## [Your instructions]
Every line of the listing must be repeated in the answer without alteration.

(Information shown Opens)

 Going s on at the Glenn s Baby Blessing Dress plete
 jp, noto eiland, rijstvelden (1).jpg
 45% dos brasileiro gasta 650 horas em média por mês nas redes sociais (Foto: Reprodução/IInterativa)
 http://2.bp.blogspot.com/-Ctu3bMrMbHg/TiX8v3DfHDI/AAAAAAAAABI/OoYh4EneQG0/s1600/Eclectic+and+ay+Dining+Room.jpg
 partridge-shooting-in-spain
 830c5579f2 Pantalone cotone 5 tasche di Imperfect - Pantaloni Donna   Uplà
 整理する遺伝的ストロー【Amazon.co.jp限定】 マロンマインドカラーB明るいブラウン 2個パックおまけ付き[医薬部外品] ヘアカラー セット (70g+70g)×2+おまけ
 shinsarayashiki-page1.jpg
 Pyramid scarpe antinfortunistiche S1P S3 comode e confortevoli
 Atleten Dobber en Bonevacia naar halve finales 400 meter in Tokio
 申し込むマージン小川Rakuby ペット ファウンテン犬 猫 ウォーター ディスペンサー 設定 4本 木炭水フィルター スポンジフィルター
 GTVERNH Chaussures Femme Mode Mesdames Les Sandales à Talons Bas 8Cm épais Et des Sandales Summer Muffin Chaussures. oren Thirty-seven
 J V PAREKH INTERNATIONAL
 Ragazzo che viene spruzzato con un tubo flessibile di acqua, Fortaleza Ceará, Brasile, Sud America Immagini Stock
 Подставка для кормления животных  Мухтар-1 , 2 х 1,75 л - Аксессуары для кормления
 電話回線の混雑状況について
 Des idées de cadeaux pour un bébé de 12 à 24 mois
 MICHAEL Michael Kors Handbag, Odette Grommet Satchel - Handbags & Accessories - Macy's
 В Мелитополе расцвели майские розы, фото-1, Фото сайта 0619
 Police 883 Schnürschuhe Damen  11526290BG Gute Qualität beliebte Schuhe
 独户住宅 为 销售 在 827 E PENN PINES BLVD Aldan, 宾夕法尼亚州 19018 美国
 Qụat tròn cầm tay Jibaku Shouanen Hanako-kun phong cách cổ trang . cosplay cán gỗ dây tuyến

(Information shown Closes)

## [Output for this task]
 Going s on at the Glenn s Baby Blessing Dress plete
 jp, noto eiland, rijstvelden (1).jpg
 45% dos brasileiro gasta 650 horas em média por mês nas redes sociais (Foto: Reprodução/IInterativa)
 http://2.bp.blogspot.com/-Ctu3bMrMbHg/TiX8v3DfHDI/AAAAAAAAABI/OoYh4EneQG0/s1600/Eclectic+and+ay+Dining+Room.jpg
 partridge-shooting-in-spain
 830c5579f2 Pantalone cotone 5 tasche di Imperfect - Pantaloni Donna   Uplà
 整理する遺伝的ストロー【Amazon.co.jp限定】 マロンマインドカラーB明るいブラウン 2個パックおまけ付き[医薬部外品] ヘアカラー セット (70g+70g)×2+おまけ
 shinsarayashiki-page1.jpg
 Pyramid scarpe antinfortunistiche S1P S3 comode e confortevoli
 Atleten Dobber en Bonevacia naar halve finales 400 meter in Tokio
 申し込むマージン小川Rakuby ペット ファウンテン犬 猫 ウォーター ディスペンサー 設定 4本 木炭水フィルター スポンジフィルター
 GTVERNH Chaussures Femme Mode Mesdames Les Sandales à Talons Bas 8Cm épais Et des Sandales Summer Muffin Chaussures. oren Thirty-seven
 J V PAREKH INTERNATIONAL
 Ragazzo che viene spruzzato con un tubo flessibile di acqua, Fortaleza Ceará, Brasile, Sud America Immagini Stock
 Подставка для кормления животных  Мухтар-1 , 2 х 1,75 л - Аксессуары для кормления
 電話回線の混雑状況について
 Des idées de cadeaux pour un bébé de 12 à 24 mois
 MICHAEL Michael Kors Handbag, Odette Grommet Satchel - Handbags & Accessories - Macy's
 В Мелитополе расцвели майские розы, фото-1, Фото сайта 0619
 Police 883 Schnürschuhe Damen  11526290BG Gute Qualität beliebte Schuhe
 独户住宅 为 销售 在 827 E PENN PINES BLVD Aldan, 宾夕法尼亚州 19018 美国
 Qụat tròn cầm tay Jibaku Shouanen Hanako-kun phong cách cổ trang . cosplay cán gỗ dây tuyến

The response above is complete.